TASK ITEM ::
Below are lines of records; copy exactly those from the one containing "The Center Orthopedic" through the one containing "funny gaming memes", leaving the pictures behind.

EXERCISE INPUT ::

━━━━━━━━━━━━━━━━

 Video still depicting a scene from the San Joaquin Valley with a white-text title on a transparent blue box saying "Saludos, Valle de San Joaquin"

━━━━━━━━━━━━━━━━

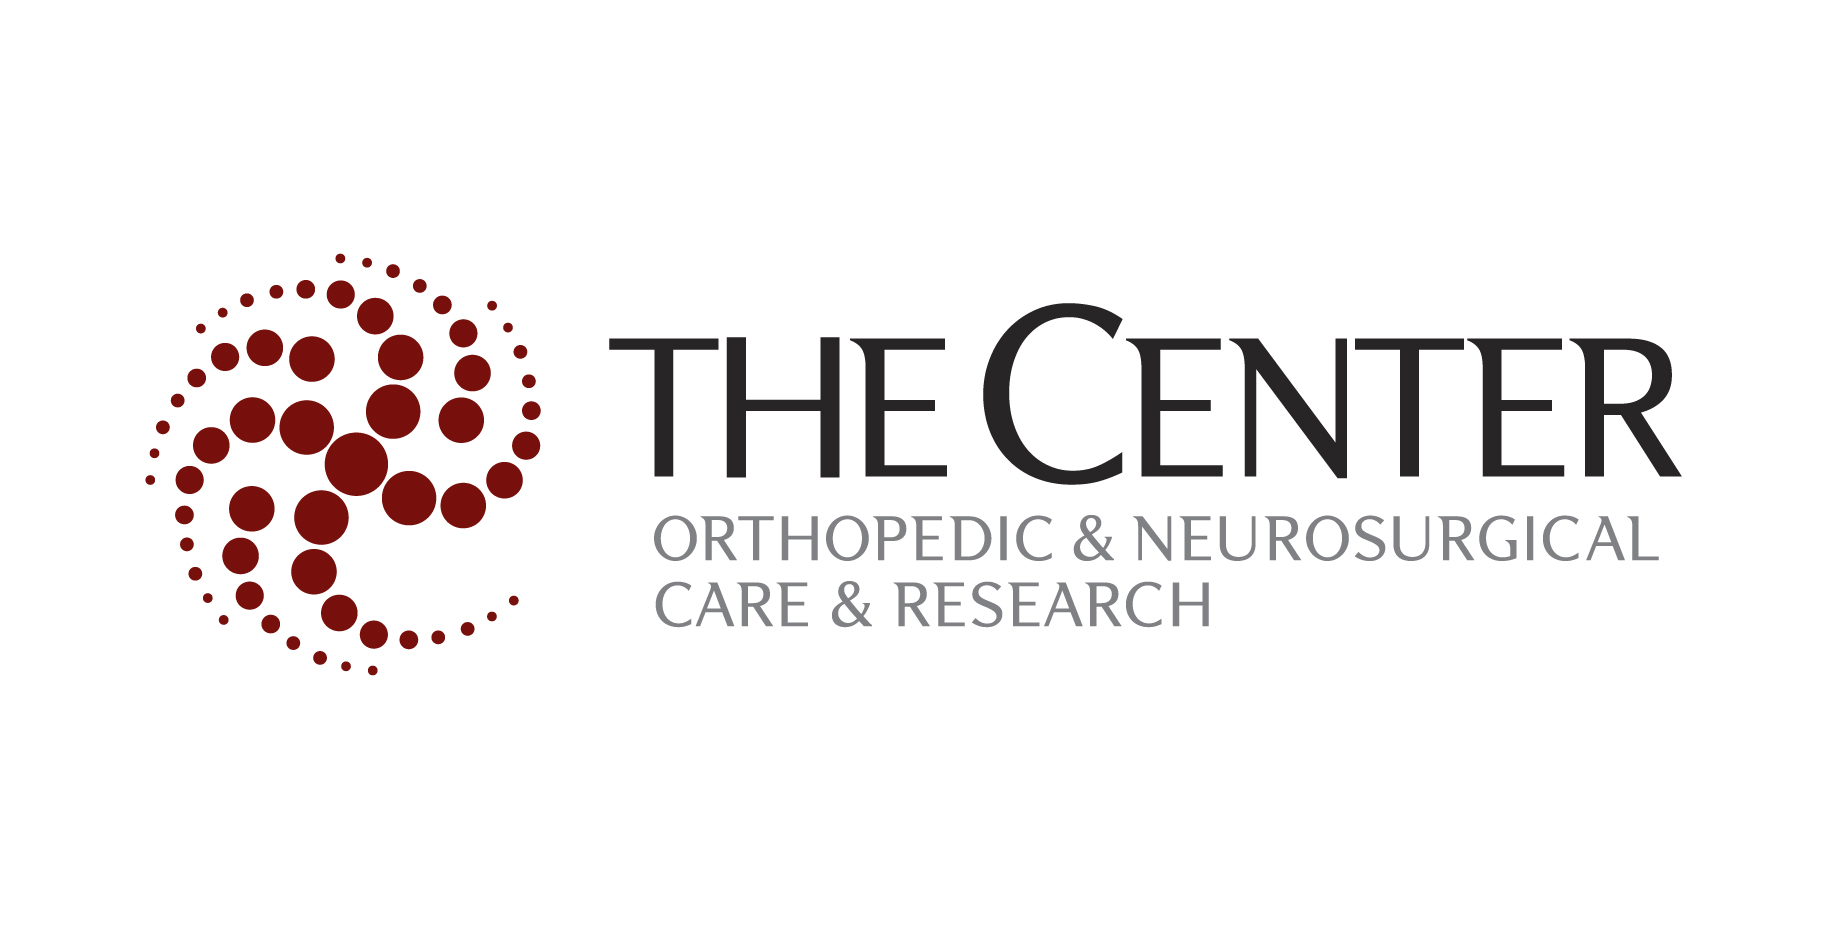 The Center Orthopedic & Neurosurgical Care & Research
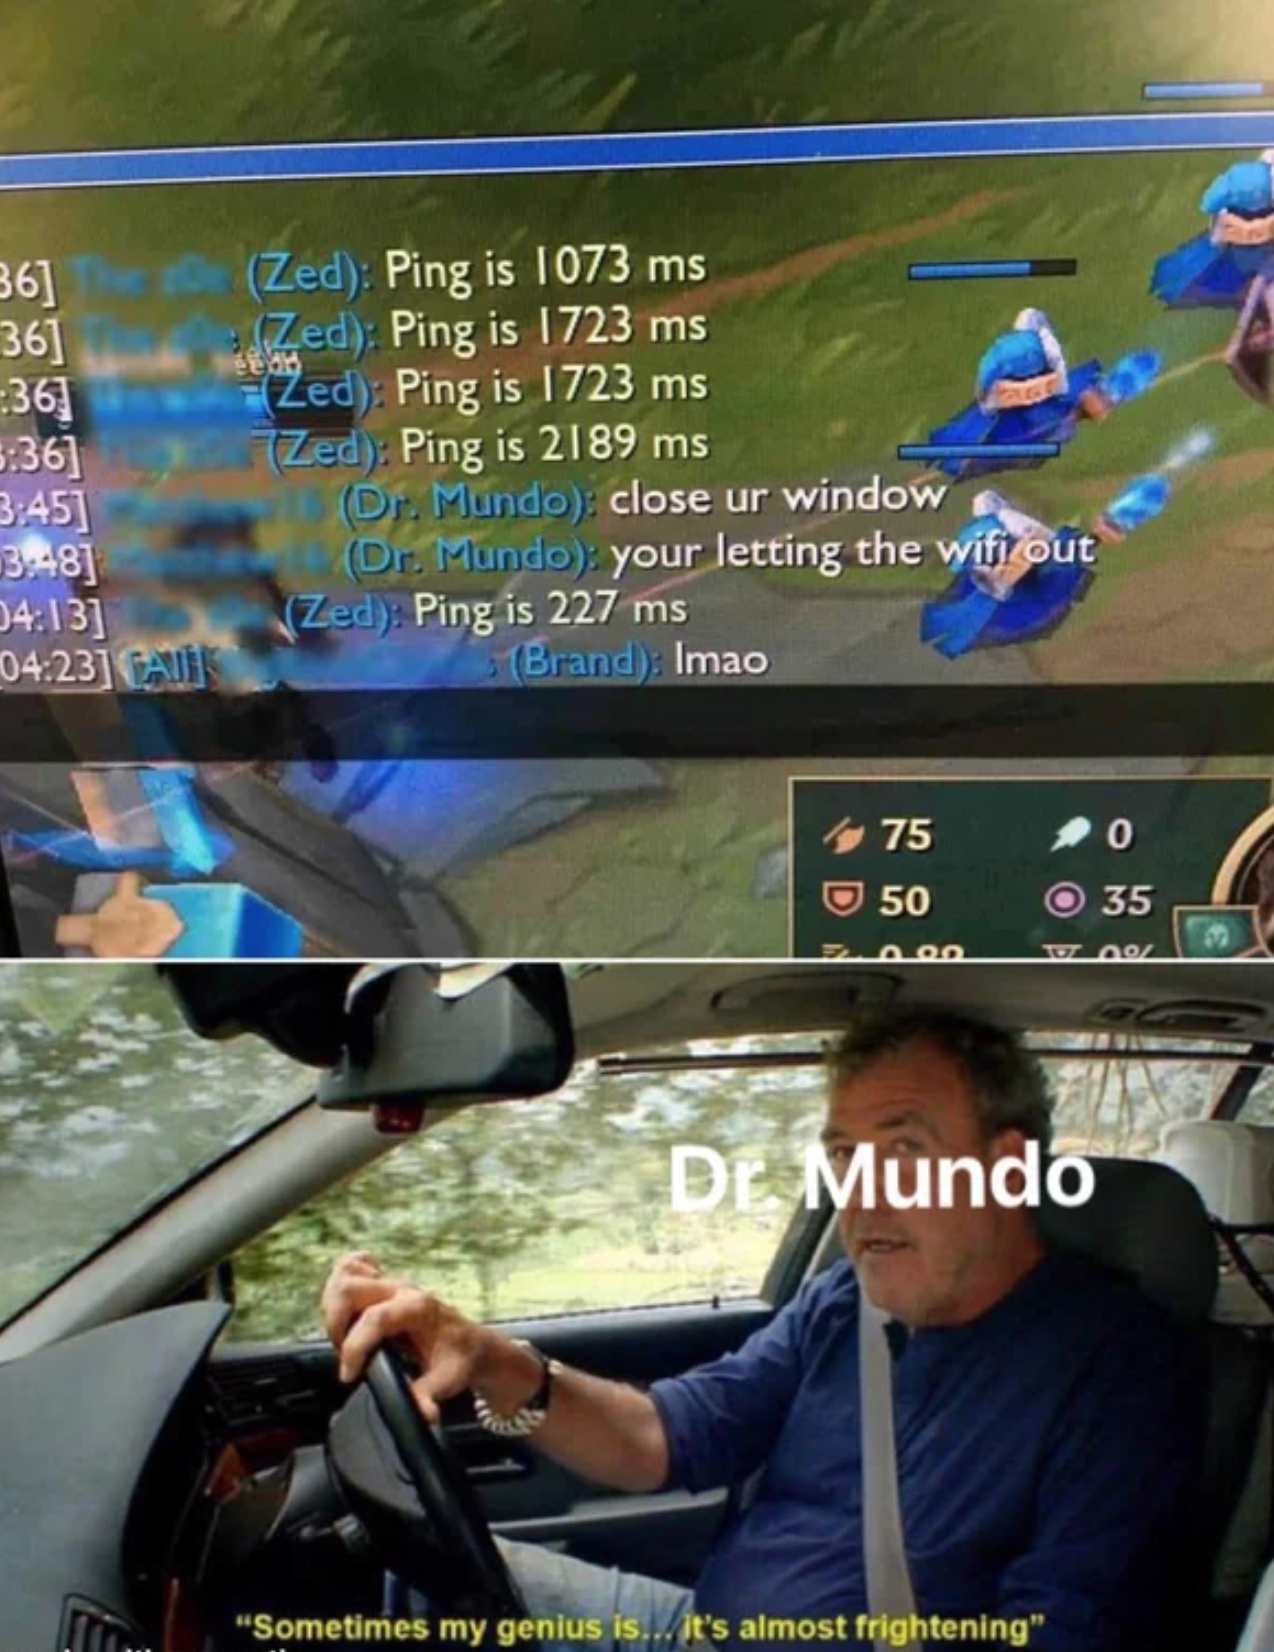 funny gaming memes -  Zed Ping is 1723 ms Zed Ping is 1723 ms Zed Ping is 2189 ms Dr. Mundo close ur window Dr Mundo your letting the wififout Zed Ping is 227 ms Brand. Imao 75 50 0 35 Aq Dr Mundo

━━━━━━━━━━━━━━━━

OUTPUT OF THE EXERCISE ::
 The Center Orthopedic & Neurosurgical Care & Research
 funny gaming memes -  Zed Ping is 1723 ms Zed Ping is 1723 ms Zed Ping is 2189 ms Dr. Mundo close ur window Dr Mundo your letting the wififout Zed Ping is 227 ms Brand. Imao 75 50 0 35 Aq Dr Mundo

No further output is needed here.